Por último, y no menos importante, hemos de atender a la financiación de la que dependen los centros concertados. En este aspecto tampoco se ha avanzado nada, existiendo una financiación claramente deficitaria que no cubre el coste real del puesto escolar, en contra de lo que determina la ley. Esto obliga a los centros y familias a sustentar una “suerte de copago”, consentido y favorecido por las administraciones, que permita la subsistencia y el mantenimiento de los centros. Y ¿a dónde nos lleva esto? Pues a la cuestión de base: sin la financiación necesaria no puede darse una libertad real de elección por parte de las familias.

Además, es una realidad innegable que los centros concertados cuentan con muchos menos recursos, tanto económicos como humanos, para aplicar la misma Ley de Educación. Sus profesionales, a pesar de que desde 1985 la ley establece la equiparación salarial con sus homólogos de la función pública, siguen teniendo un salario significativamente inferior, a pesar de trabajar más horas lectivas semanales.

En estos cuatro años, ni el Ministerio de Educación ni las Comunidades Autónomas han dado paso alguno para resolver la difícil situación económica de los centros concertados. No podemos negar que las condiciones económicas globales no han sido las más adecuadas para poder afrontar esta deuda contraída, pero tampoco podemos callar que se podían haber puesto los cimientos para la resolución de este asunto fijando, por ejemplo, el coste real del puesto escolar. Eso nos habría permitido adelantar un trabajo para poder aplicar medidas en este momento, cuando muchos hablan de crecimiento y de salida de la crisis.

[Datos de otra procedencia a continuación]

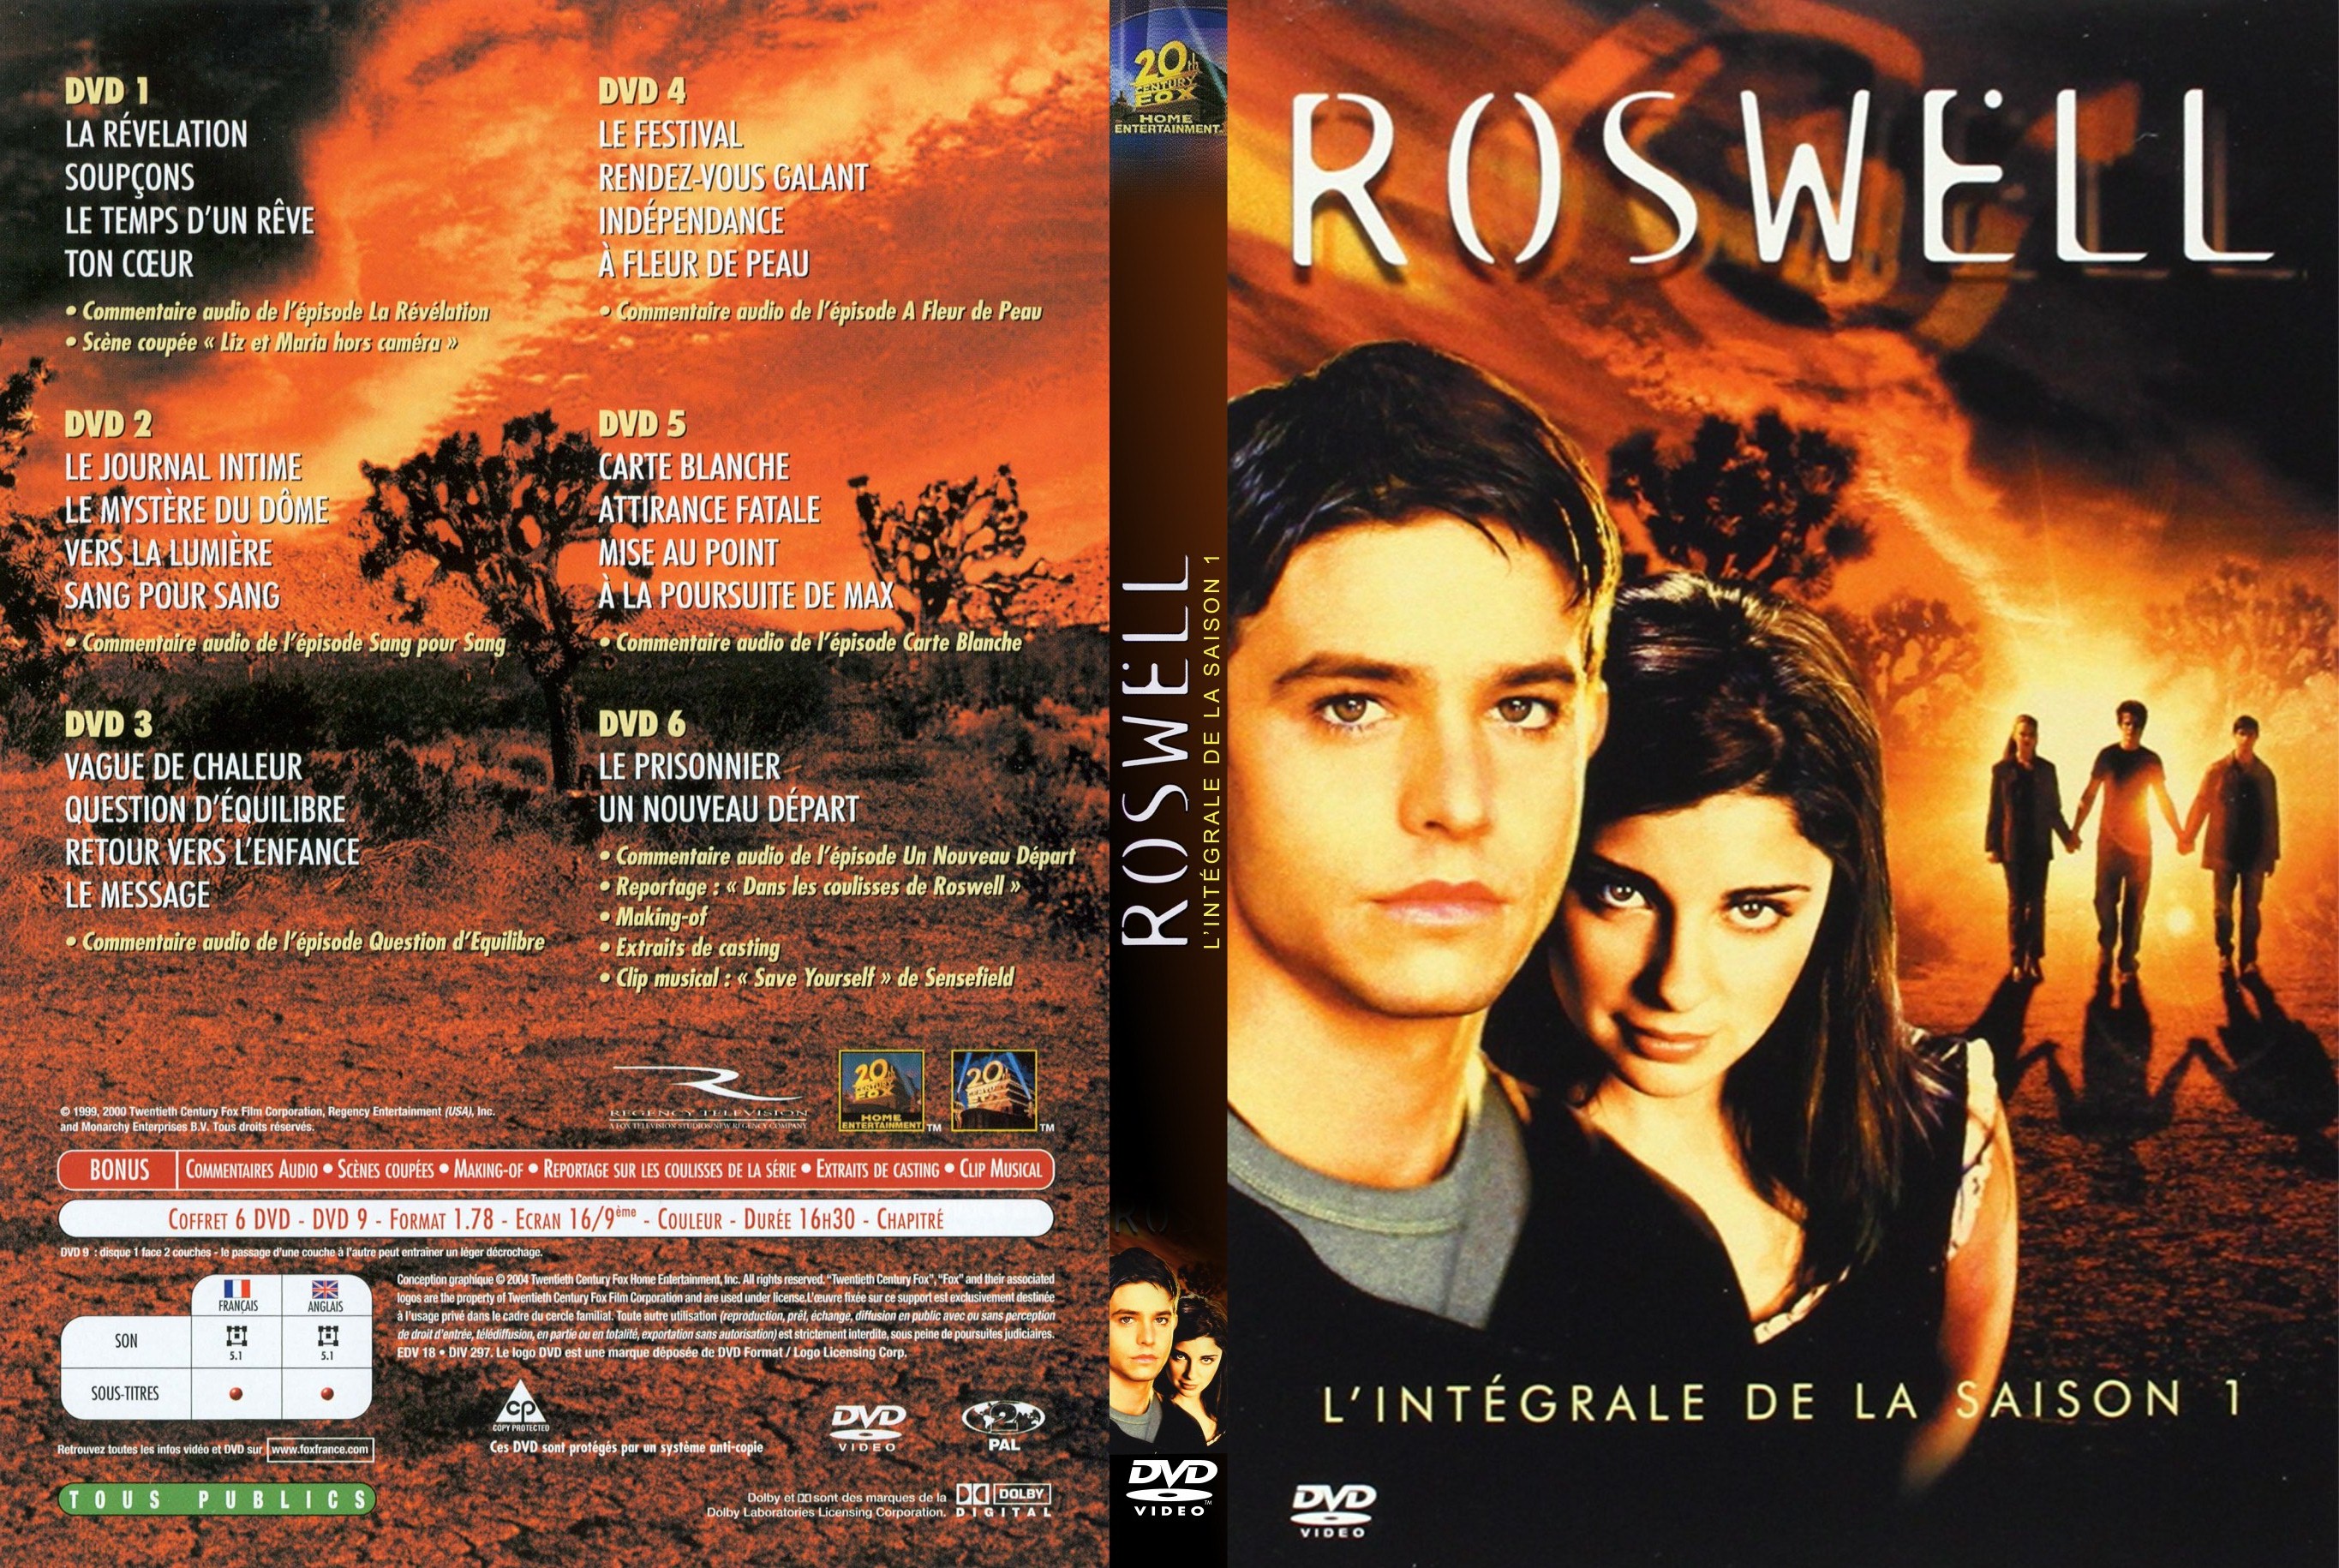 Jaquette DVD Roswell saison 1 custom

Teniendo en cuenta que ni la LOMCE, ni el Ministerio de Educación, ni las administraciones públicas han dado pasos firmes y estables a favor de la libertad de enseñanza; que varios partidos políticos llevan en su programa electoral la eliminación de los conciertos o su progresiva reducción, conforme la enseñanza pública pueda hacerse cargo de toda la escolarización; y que las previsiones de resultados electorales de mayo y de las próximas generales auguran un cambio, la situación invita a pensar que el sector tendrá que despertar y volver a defender la libertad de enseñanza como ya hiciera hace varias décadas.